6

4.7K 571 424
                                    

Merhabalar ^^
Hepinize iyi okumalar!!


- Jisung'dan -

Durduğum yerde düşüp bayılacaktım şimdi. Her şey o kadar üst üste gelmişti ki. Artık ne yapmamız gerektiği konusunda hiçbir fikrim yoktu.

Seungmin de yanıma gelmiş ve listede ki isimi görmüştü. "Ne yani bir anda yanında belirdiği yetmiyor birde her yerde çoktan mı var oldu."

Hyunjin'de yanımıza gelip bizim baktığımız yere bakınca sessice mırıldandı. " Sanırım öyle."

Felix yine Polyannacılık da sınır tanımayarak mutlu mutlu konuştu.

" Madem bu sınıfta o zaman buraya getirelim tek kalmasın orda."

Felix'e ifadesiz suratımla baktıktan sonra nefesimi verdim. Sanırım artık bazı şeylere şaşırmayı bırakmalıydım.

--------------

Minho'yu almak için kafeteryaya indiğimizde oturduğu masanın etrafında etten bir duvar vardı.

Kurtlar sofrasında onu yalnız bıraktığımızı unutmuştum tabi. Ama dediğim gihi bazı şeylere şaşırmayı bırakmalıydım bu yüzden silkelenip bir an önce kendime geldim.

Ellerimi birbirine çarptım ve savaşa girer gibi havalı bir yürüyüş yaptım.

" Evet arkadaşlar hayatınızda ilk defa insan görmüyorsunuz!"

Yüksek sesim ile Minho'ya bakan bütün gözler bana çevrilmişti. Tabi buna Minho'nun gözleri de dahildi.

Gözleri kurtarıcım diyerek bakıyordu, nerdeyse kalpler fışkıracaktı. Tabi bu da benim totomu kaldırmıştı, bu yüzden yandan bir gülüş atarak ona baktım.

Minho oturduğu yerden kalktı ve hızlı adımları ile yanıma gelip koluma girdi.

" Teşekkürler Jisung. Gelmeseydiniz hepsi beni yiyecek gibiydi."

Yüzümdeki o yandan gülüşü bozmadan hafif gözlerimi kısarak ona döndüm.
" Tamam bebeğim sakin ol ben buradayım." Aynı zamanda koluma geçirdiği elini de hafifçe okşadım.

( Jisung be like ⬆️ )

Oops!
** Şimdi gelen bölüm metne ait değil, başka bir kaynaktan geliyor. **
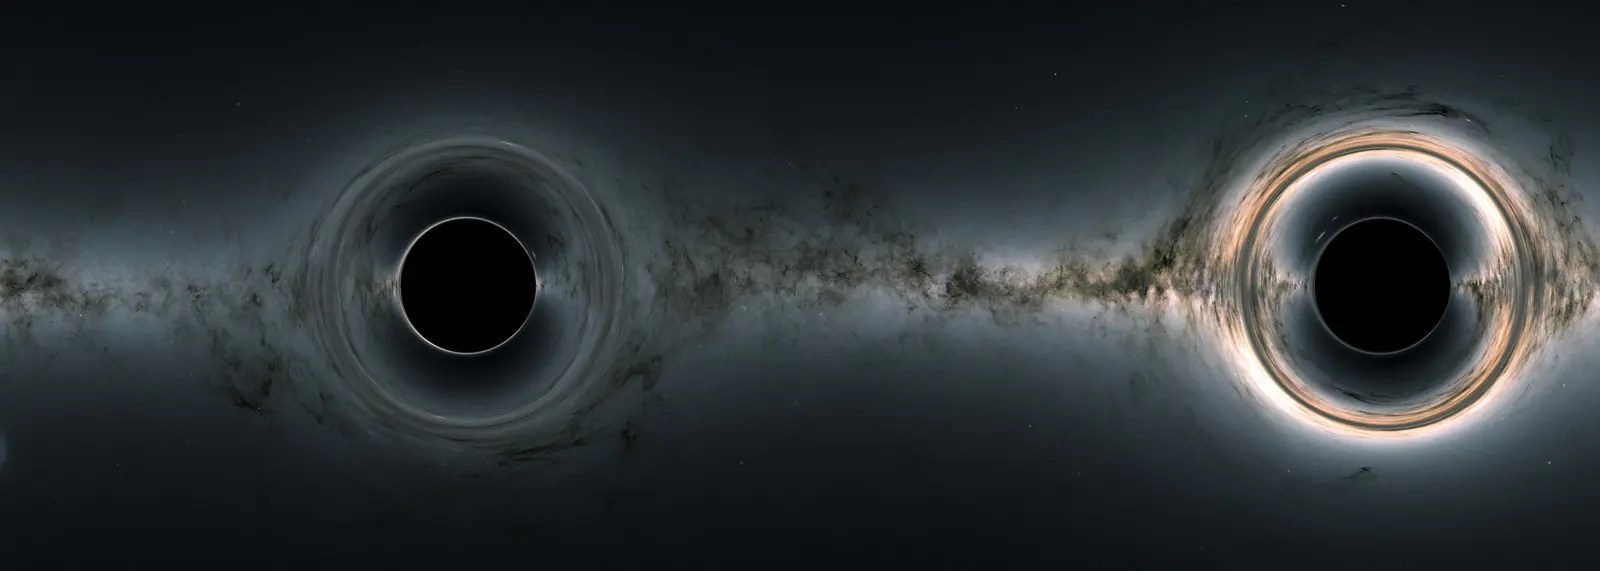 black hole paper presentation

Bu görüntü içerik kurallarımıza uymuyor. Yayımlamaya devam etmek için görüntüyü kaldırmayı ya da başka bir görüntü yüklemeyi deneyin.

( Jisung be like ⬆️ )

" Yüz felci geçiriyor olabilir mi ?"

Seungmin kısık ses ile konuşsa bile onu duymuştum.

Hyunjin' de ona katılarak kısık ses ile konuştu.

" Galiba yoksa bu kadar tuhaf bir mimik yapması açıklanamaz. "

Gözlerimi Minho'dan çekip onlara döndüm. " Hahahahah ne kadar komiksiniz siz öyle."

Felix gülmemek için sıktığı ağzı ile ikisinin de koluna aynı anda vurdu. " Yeter artık dalga geçmeyin miniğimle."

" Peki Jisung neden gelmiştiniz buraya ?"

Minho'nun sorusu ile çatık kaşlarımı normale haline çevirerek ona döndüm ve konuşmadan önce birleşik olan kollarımızı ayırdım, bir elimle de omzuna destek olmak istermiş gibi bir kaç kez pıt pıtladım.

" Ah şu mevzu. Sende artık bu okulun öğrencisiymişsin."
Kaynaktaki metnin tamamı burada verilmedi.